Exercise requirements:
Keep the pictures out, and restate the listing that follows exactly as written.

Collected material:
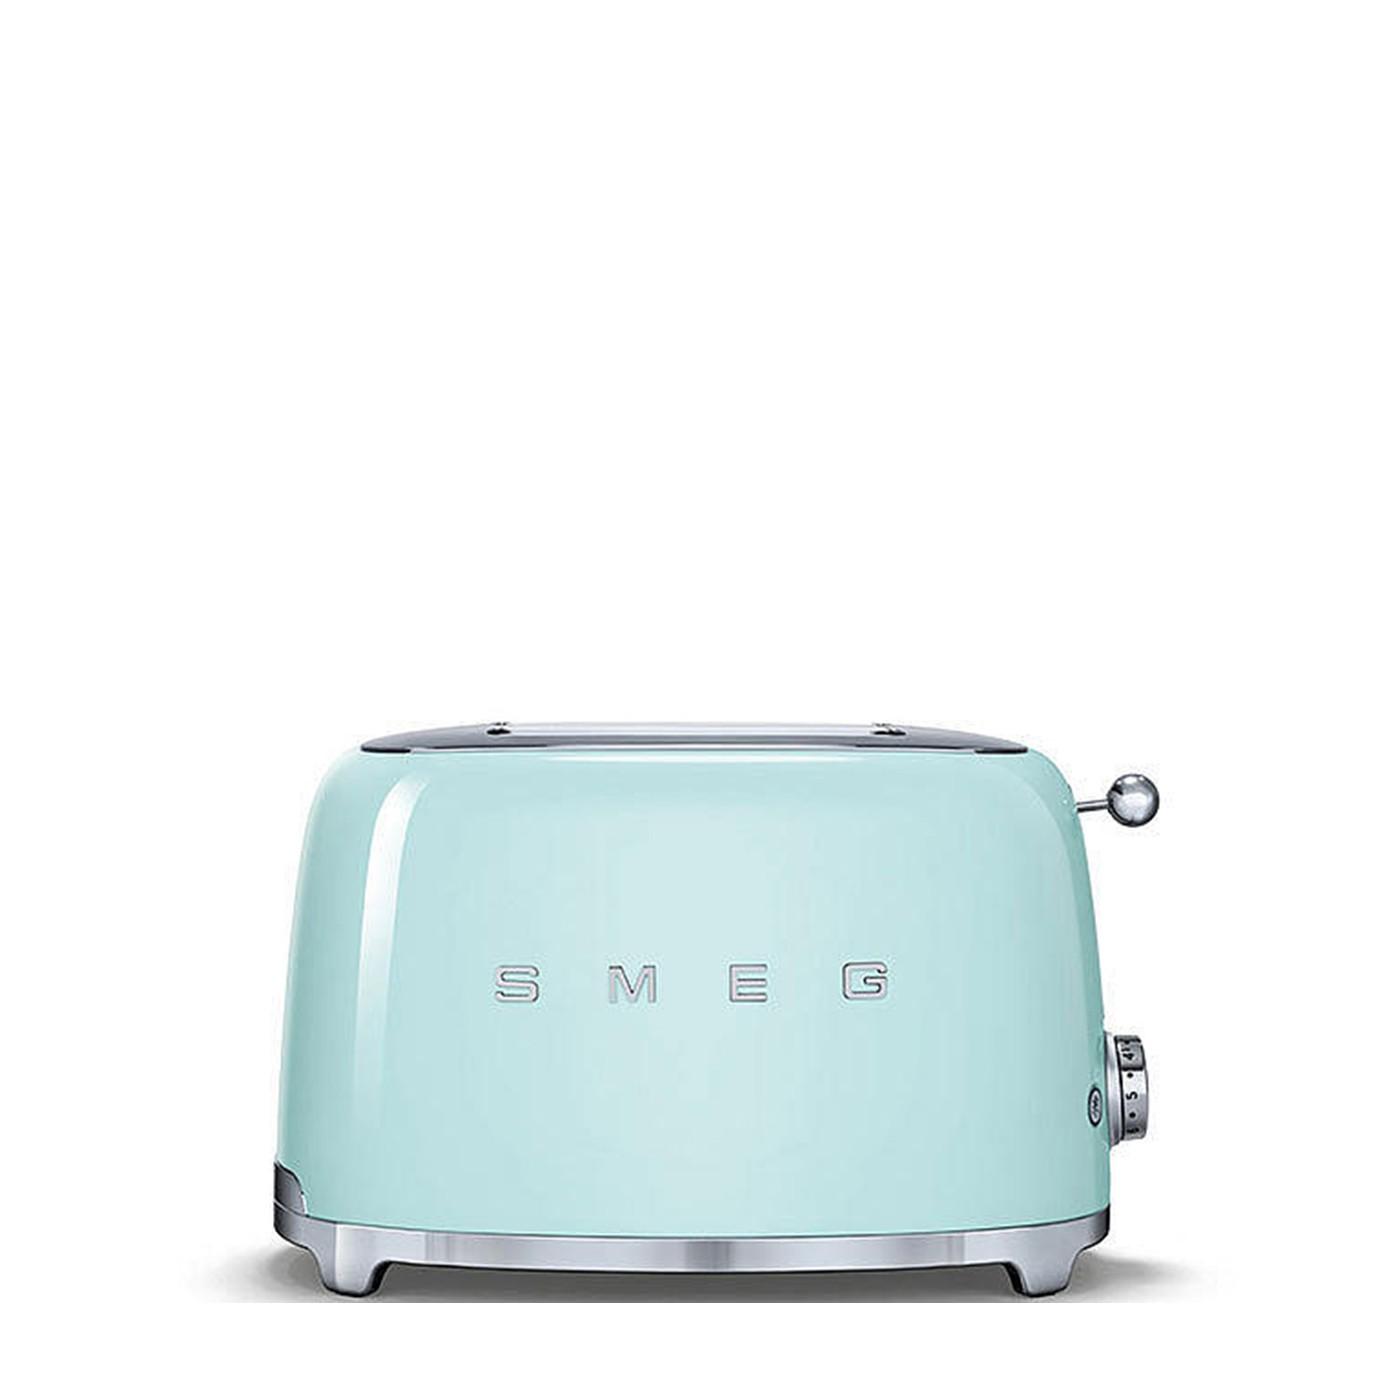 Pastel Green Toaster
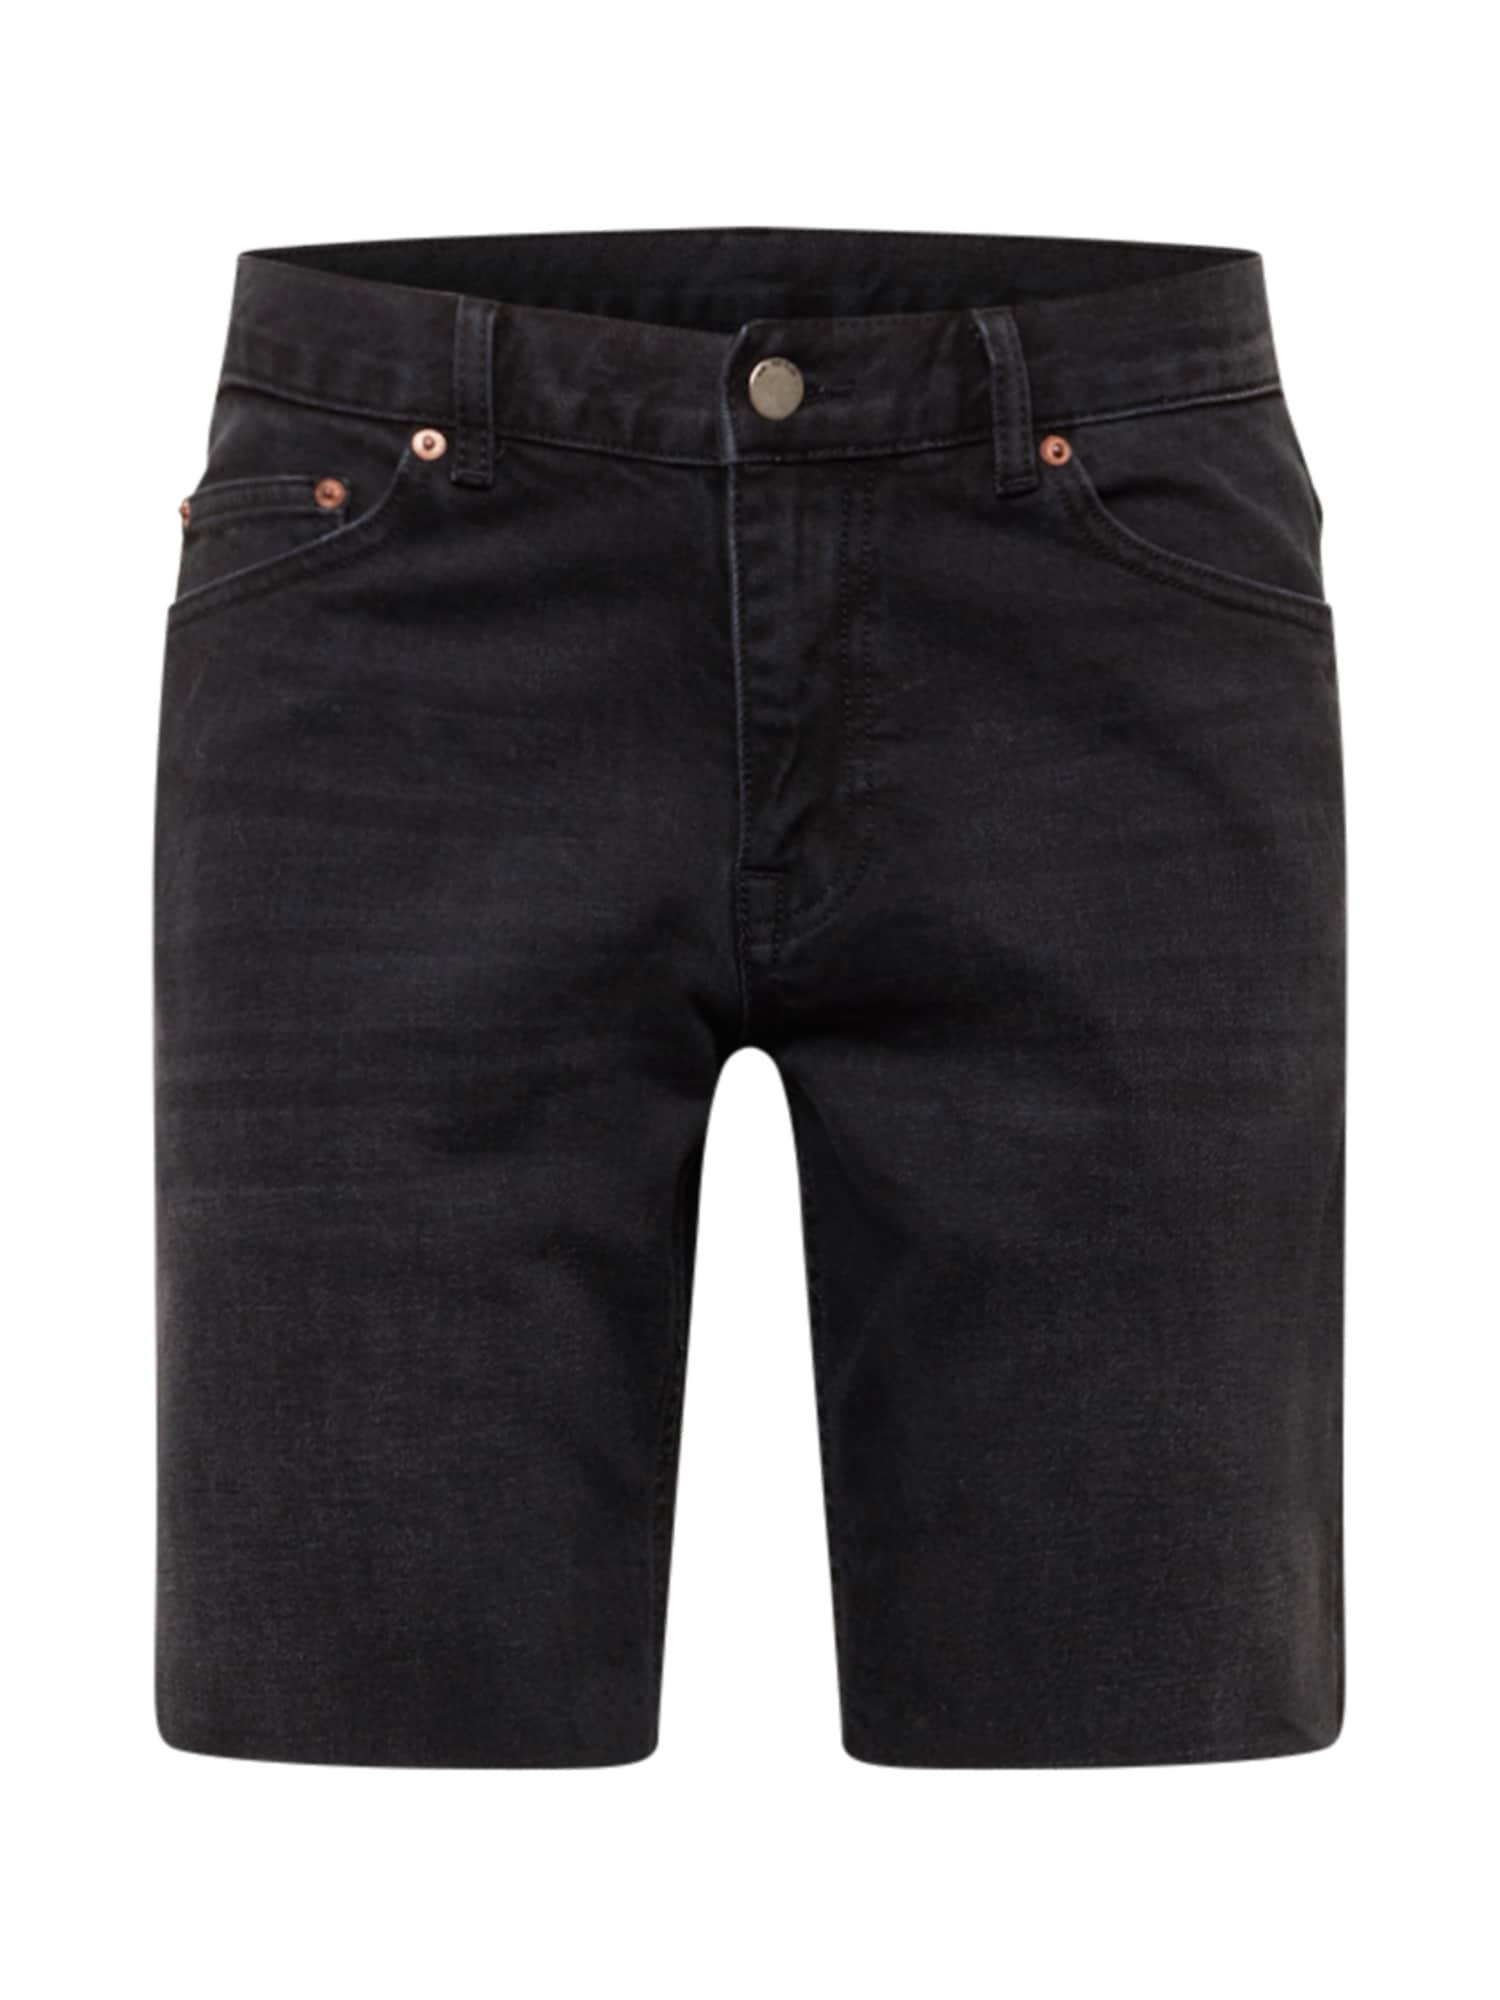 Dr. Denim Džinsai 'Clark' juodo džinso spalva
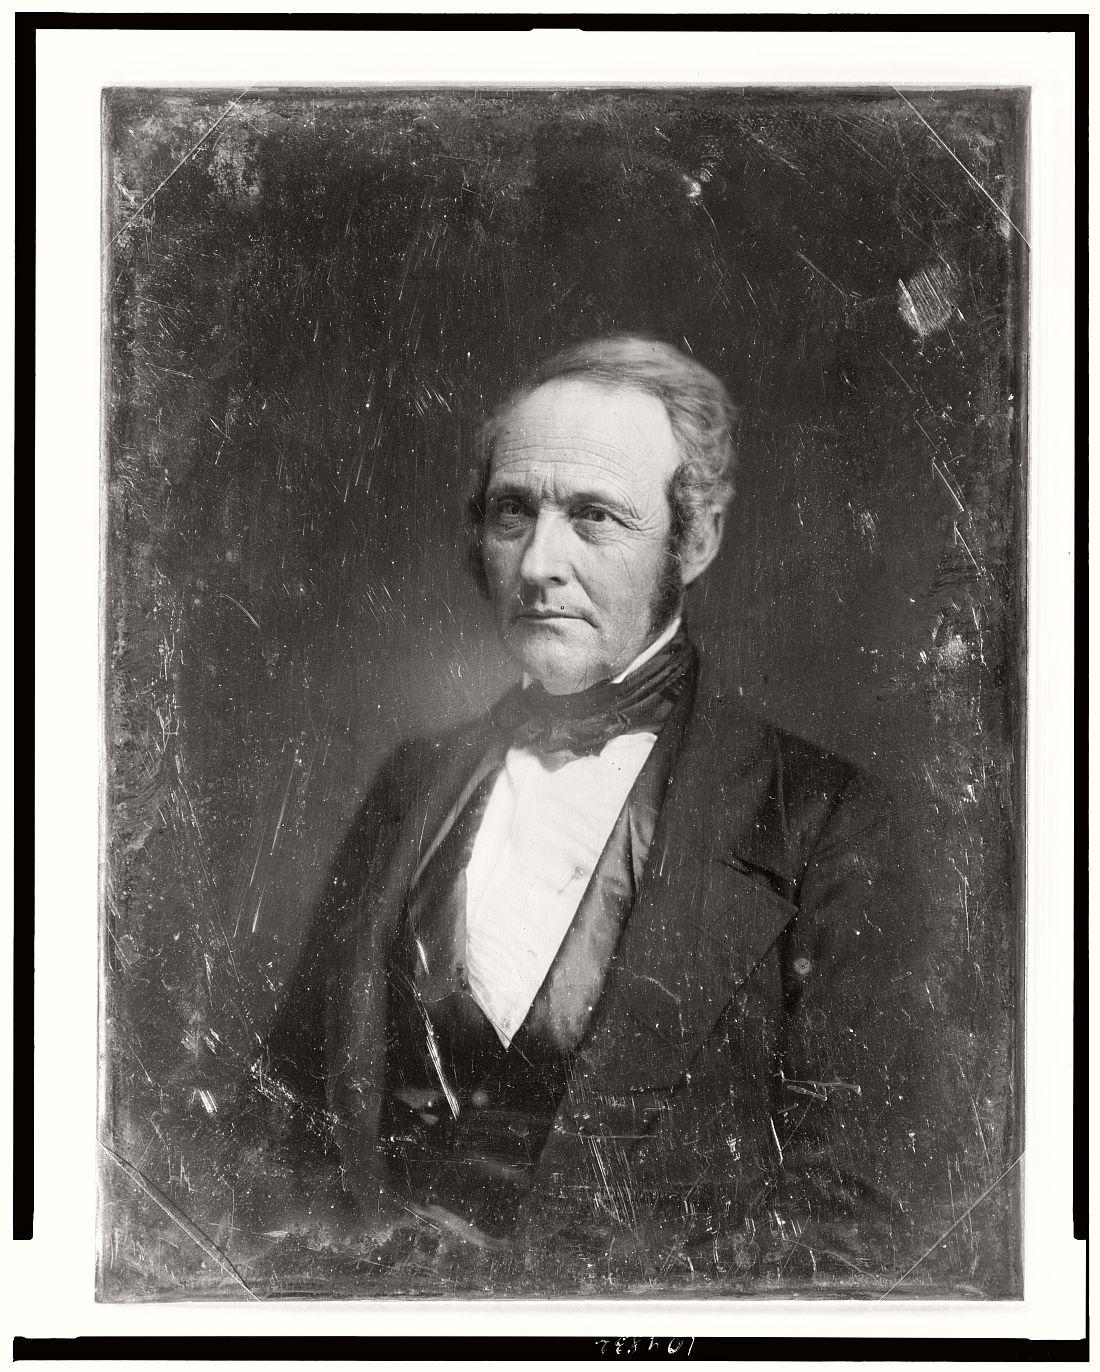 vintage-daguerreotype-portraits-from-xix-century-1844-1860-02

Reply to the exercise:
 Pastel Green Toaster
 Dr. Denim Džinsai 'Clark' juodo džinso spalva
 vintage-daguerreotype-portraits-from-xix-century-1844-1860-02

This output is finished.